This semester, the textbook I am using to teach data analytics is Business Intelligence by Sharda, Delen, and Turban. In Chapter 3, the authors describe how a data warehouse fits into a business enterprise. A data warehouse (DW) is more than a spreadsheet. It is more than a two-dimensional transactional database. A DW takes expertise to build and maintain. If done correctly, users within the company will be able to quickly access important data that they need to make decisions. Having a good DW is essential for any large enterprise today.
Near the end of the chapter, the authors list problems that are encountered when technologists go in to build a DW for an enterprise.
Problem #3 is “Engaging in politically naive behavior.”
Do not simply state that a data warehouse will help managers make better decisions.
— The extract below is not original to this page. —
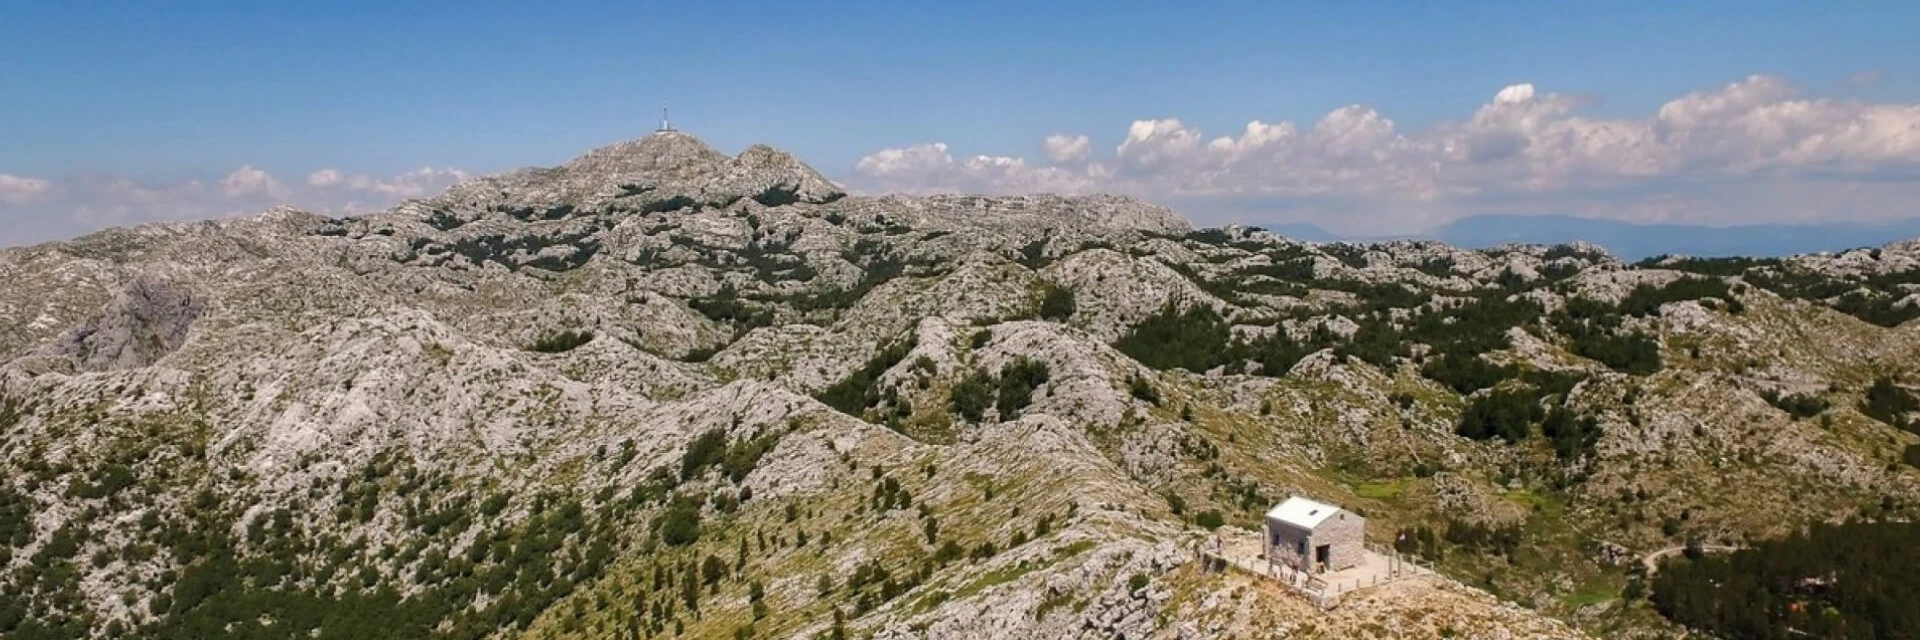 Počnite svoju hrvatsku planinarsku avanturu u Podgori kraj Makarske

This may imply that you feel they have been making bad decisions until now.
Wow. What else can go wrong?
Problem #4 is “Loading the warehouse with information just because it is available.”
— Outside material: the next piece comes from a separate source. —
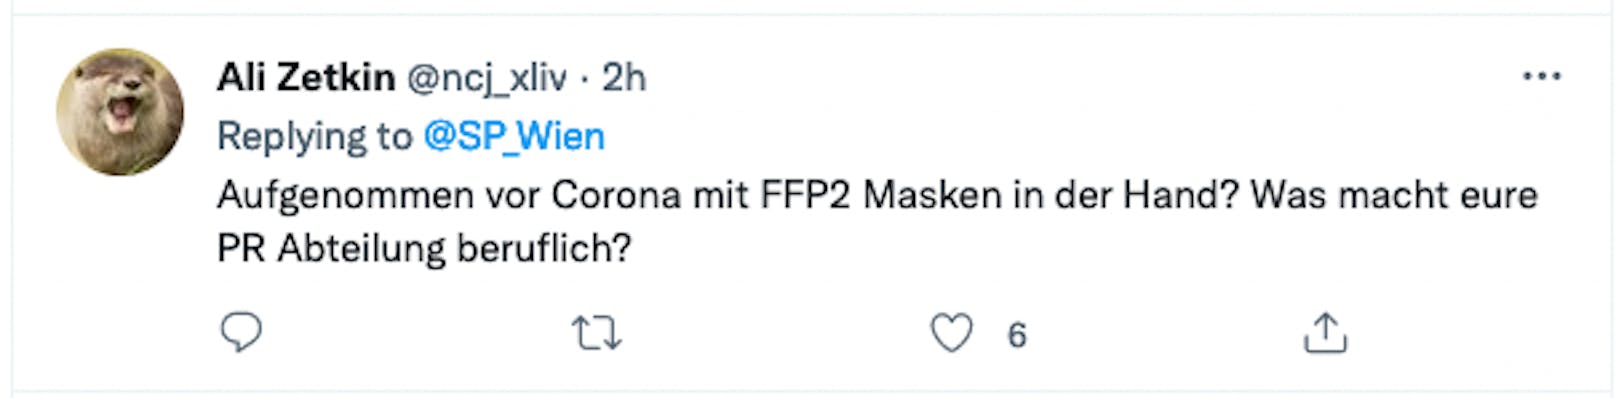 Viel Spott für den missglückten Tweet der Wiener SPÖ

Do not let the data warehouse become a data landfill. This would unnecessarily slow the use of the system.
Saving data has become very cheap. Here is a blog that documents the decrease in the cost of hardware for data storage. It is also true that “evidence based decision-making” can give an organization a competitive advantage. What does not follow is that any data should be loaded into your data warehouse.
A data warehouse is useful if users can get to the relevant data quickly for important decisions. When there is too much data being saved, then the irrelevant data becomes clutter.
I relate to this in my own life because of my phone camera. Today, I can take hundreds of pictures on my smartphone and they stay on my phone’s memory. At the end of the year, I’d like less than 50 pictures that are high quality. What actually happens is that I’m overwhelmed with the clutter in my photo gallery.
I don’t want to return to the old days of film. However, the fact that film was costly to purchase and develop forced people to make better choices about what to take pictures of. At the end of the year, it seems like it would have been easier to find the handful of images that are worth saving and curating for the future.
Even though the marginal cost of saving more data has gone down, there is still a reason not to save too much data. The cost of the human hours needed to wade through it all is prohibitive. According to Glassdoor, the average annual base pay for a data warehouse administrator is $118,153.